To project impacts of climate change on ecosystems there are basically three approaches: (i) correlative, (ii) mechanistic, and (iii) analogue approaches. For the correlative and mechanistic approaches, studies and insights from the present give rise to the assumption that the same relationships will hold in the future. Three modelling approaches in particular have provided relevant results since the TAR. Firstly, correlative models use knowledge of the spatial distribution of species to derive functions (Guisan and Thuiller, 2005) or algorithms (Pearson et al., 2004) that relate the probability of their occurrence to climatic and other factors (Guisan and Zimmermann, 2000). Criticised for assumptions of equilibrium between species and current climate, an inability to account for species interactions, lack of a physiological mechanism, and inability to account for population processes and migration (see Pearson and Dawson, 2003; Pearson, 2006), these methods have nonetheless proved capable of simulating known species range shifts in the distant (Martinez-Meyer et al., 2004) and recent (Araújo et al., 2005) past, and provide a pragmatic first-cut assessment of risk to species decline and extinction (Thomas et al., 2004a). Secondly, mechanistic models include the modelling of terrestrial ecosystem structure and function. They are based on current understanding of energy, biomass, carbon, nutrient and water relations, and their interacting dynamics with and among species such as primary producers. Such approaches generate projections of future vegetation structure, e.g., as the likely balance of plant functional types (PFTs) after permitting competitive interaction and accounting for wildfire (Woodward and Lomas, 2004b; Lucht et al., 2006; Prentice et al., 2007; but see Betts and Shugart, 2005, for a more complete discussion). Extrapolated to global scale, these are termed Dynamic Global Vegetation Models (DGVMs, see Glossary). An equivalent approach for oceans is lacking (but see Field et al., 1998). Thirdly, Earth system models have begun to incorporate more realistic and dynamic vegetation components, which quantify positive and negative biotic feedbacks by coupling a dynamic biosphere to atmospheric circulations with a focus on the global carbon cycle (Friedlingstein et al., 2003, 2006; Cox et al., 2004, 2006).

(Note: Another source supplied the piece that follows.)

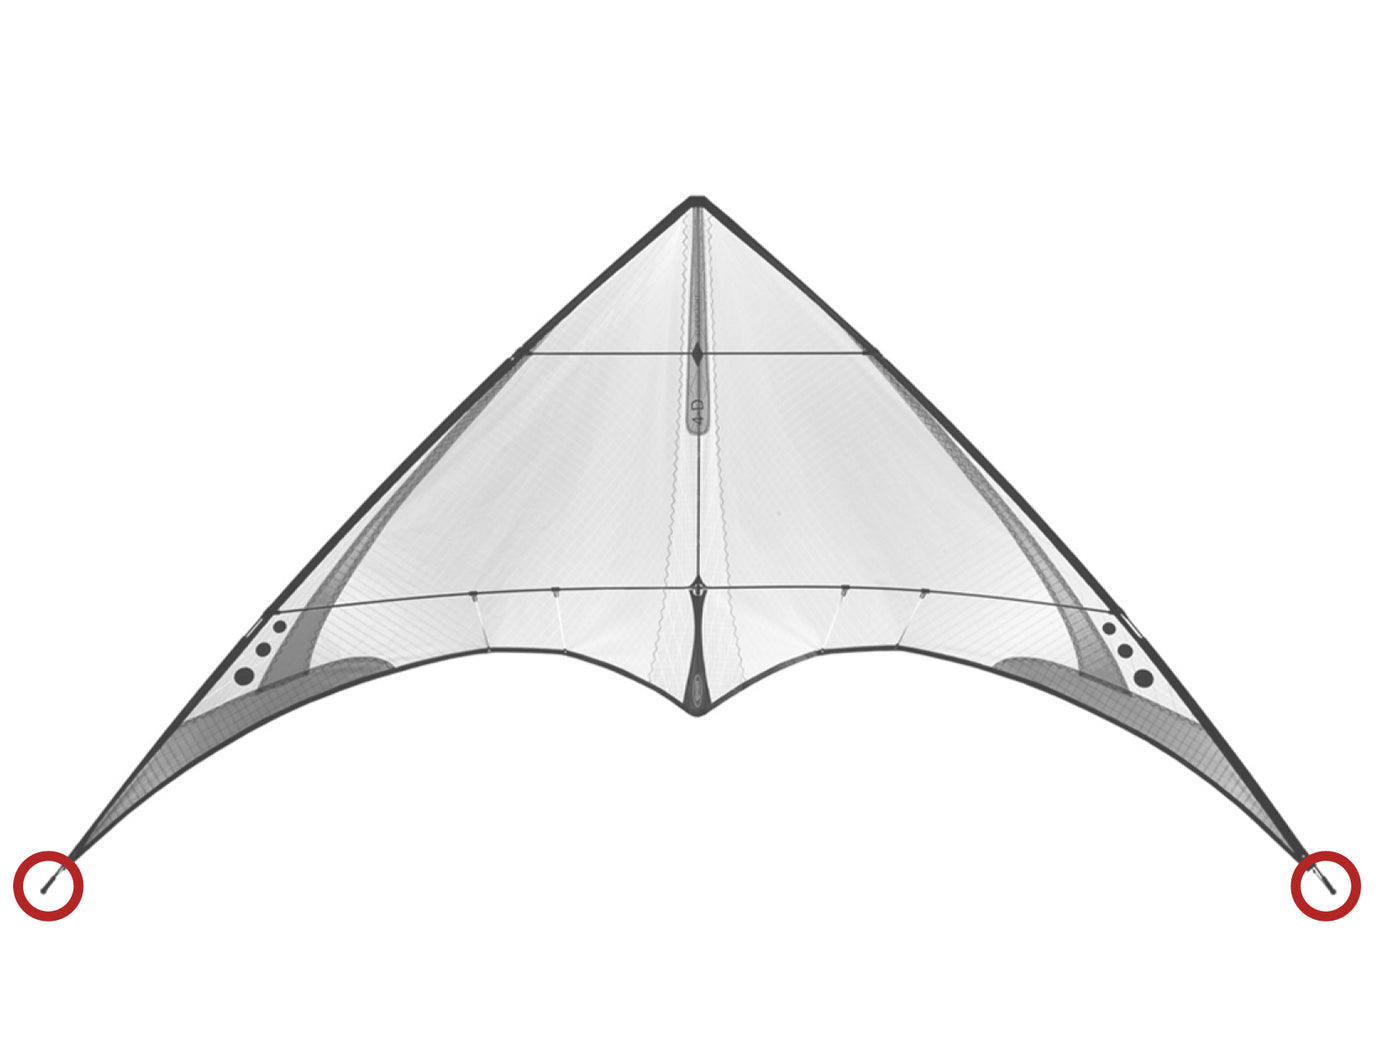 Diagram showing location of the 4-D Wingtip Nock on the kite.

Ecosystem- and species-based models are typically applied at scales much finer than are resolved or reliably represented in global climate models. The requisite downscaling techniques of various types (statistical, dynamic) have matured and are increasingly used to provide the necessary spatio-temporal detail (IPCC-TGCIA, 1999; Mearns et al., 2003; Wilby et al., 2004; Christensen et al., 2007). Physically consistent bioclimatic scenarios can now be derived for almost any region, including developing countries (e.g., Jones et al., 2005) and complex, mountainous terrain (e.g., Gyalistras and Fischlin, 1999; Hayhoe et al., 2004). However, major uncertainties relating to downscaling remain in the impact projections presented in this chapter, centring mainly on soil water balance and weather extremes which are key to many ecosystem impacts, yet suffer from low confidence in scenarios for precipitation and climate variability, despite recent improvements (Randall et al., 2007).

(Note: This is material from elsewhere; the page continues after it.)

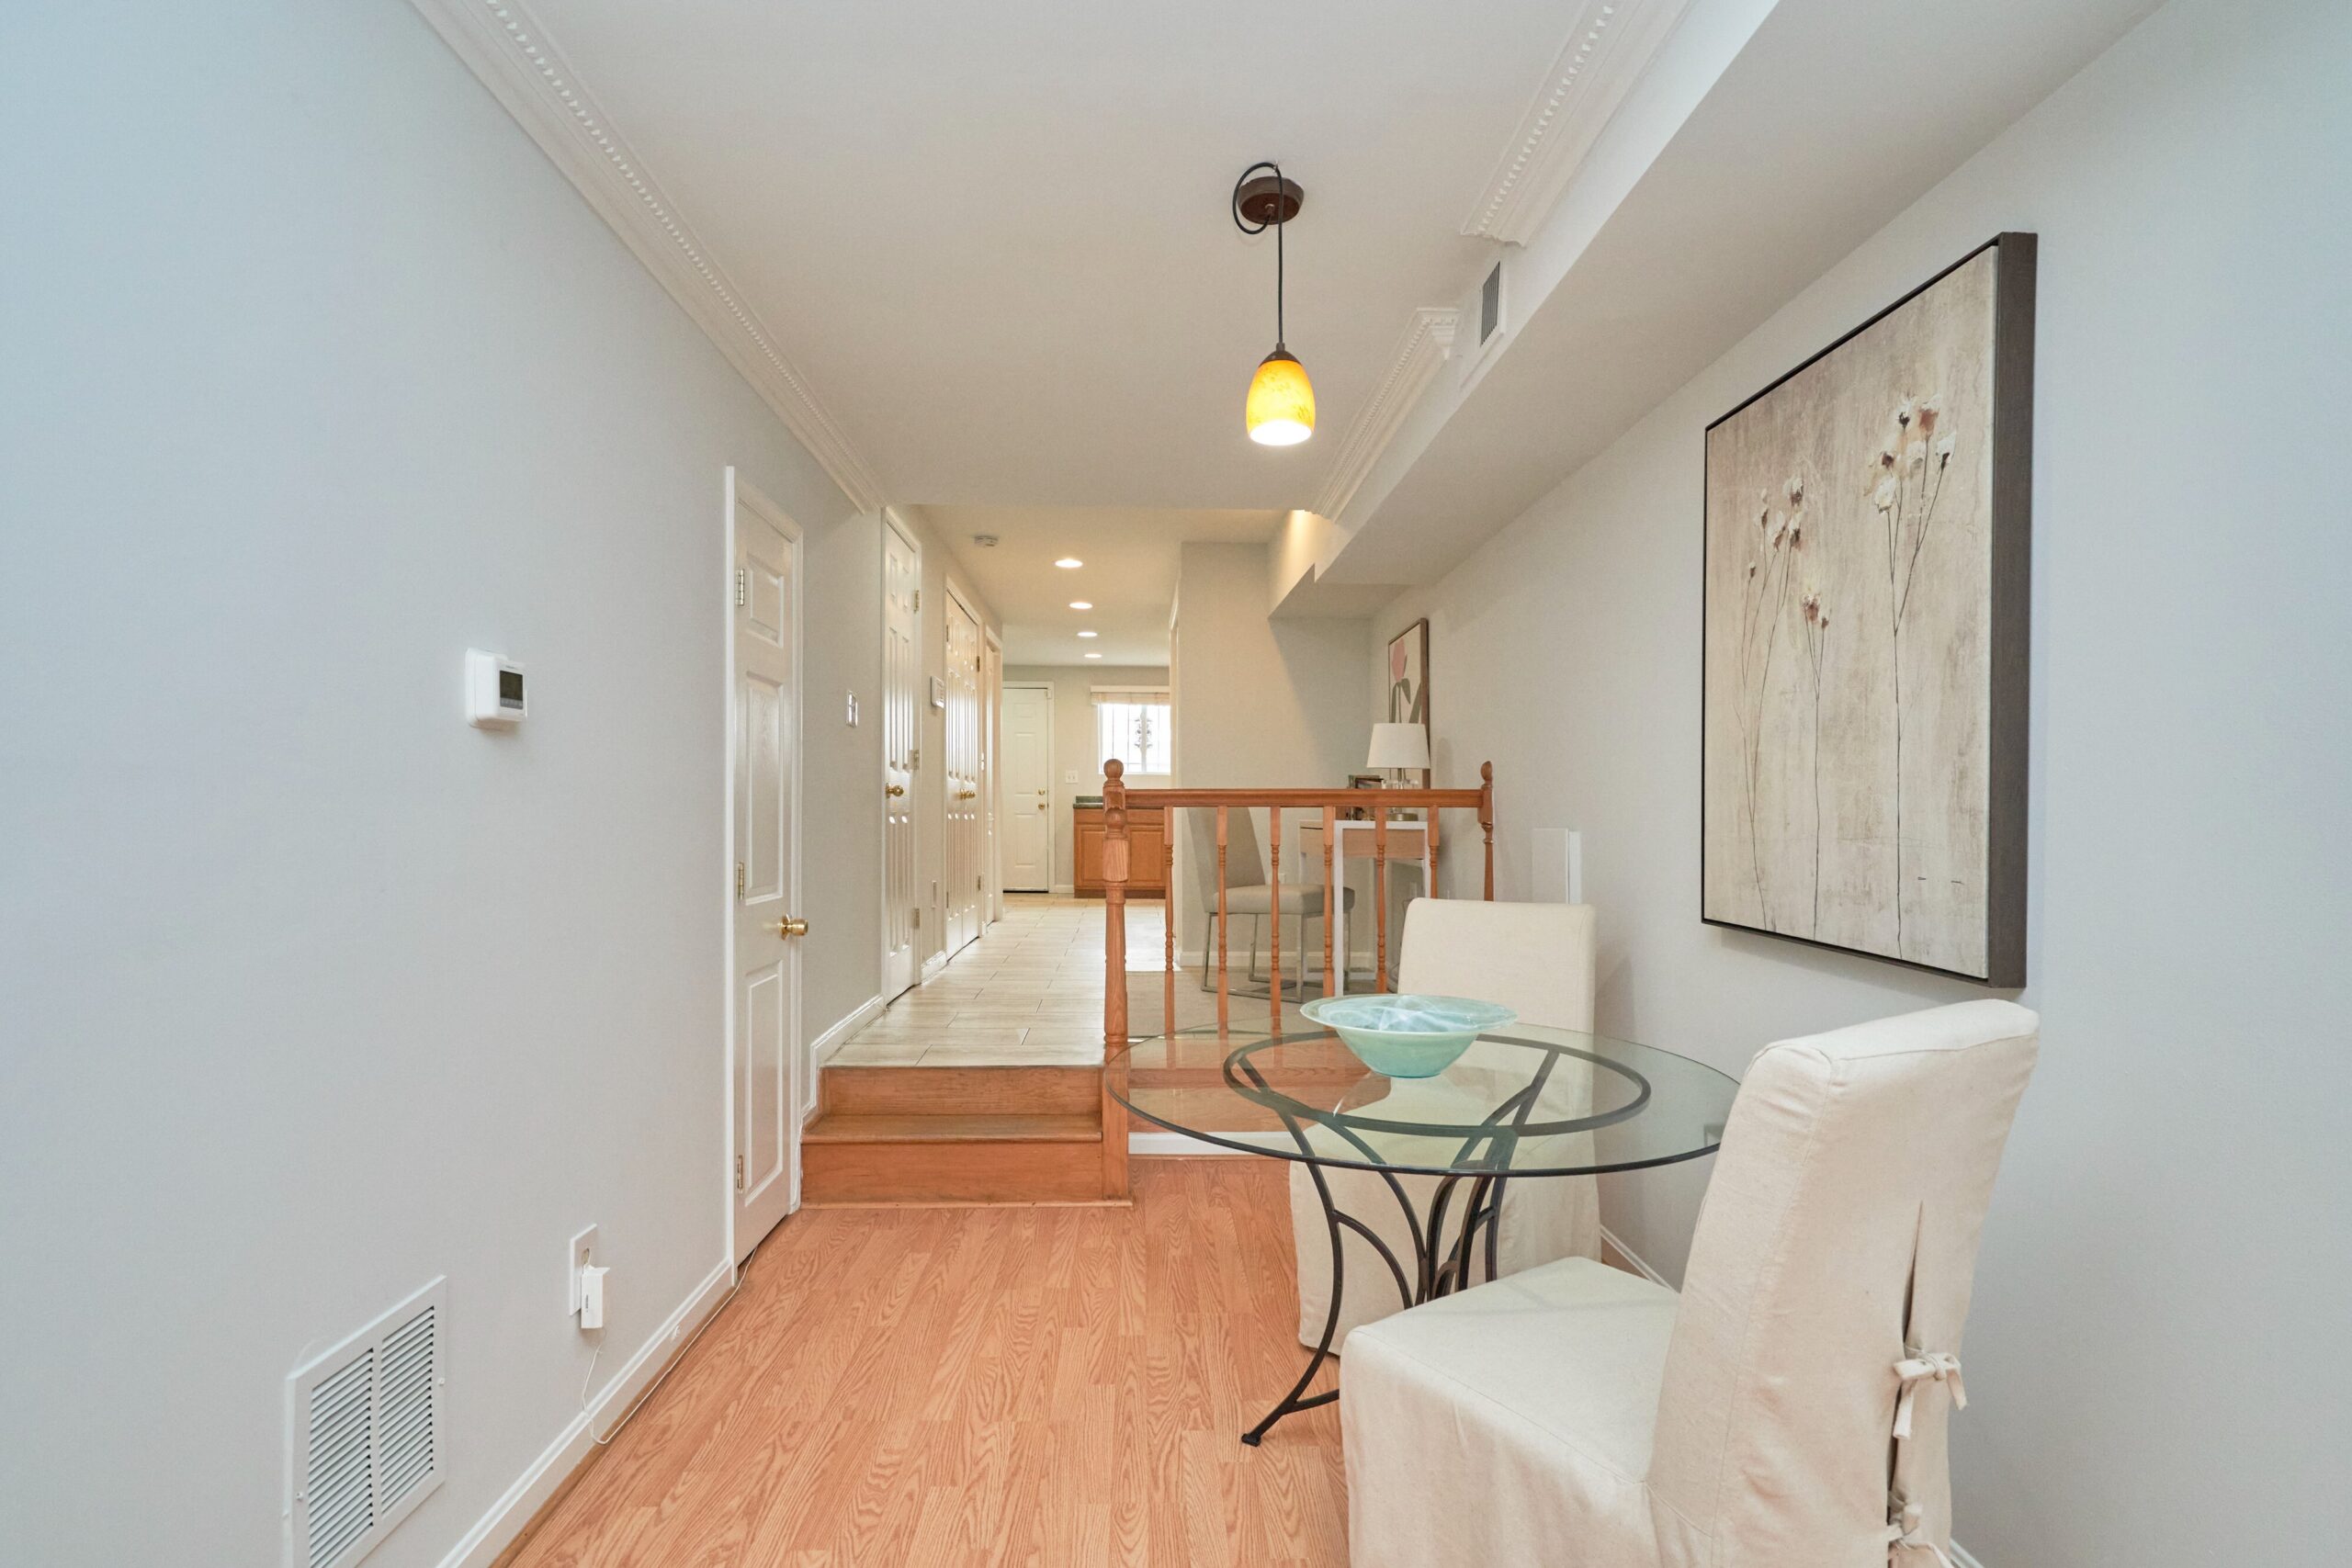 Professional interior photo of 1313 K Street SE, Washington, DC - showing the breakfast/dining space just before 2 steps up to an office space before the kitchen

Despite the recognised importance of multiple drivers of ecosystem change, they are rarely all included in current climate and ecosystem models used for assessing climate change impacts on ecosystems (Hansen et al., 2001; Levy et al., 2004; Zebisch et al., 2004; Feddema et al., 2005; Holman et al., 2005b; Pielke, 2005). The explicit inclusion of non-climatic drivers and their associated interactions in analyses of future climate change impacts could lead to unexpected outcomes (Hansen et al., 2001; Sala, 2005). Consequently, many impact studies of climate change that ignore land-use and other global change trends (see also Section 4.2.2) may represent inadequate estimates of projected ecosystem responses.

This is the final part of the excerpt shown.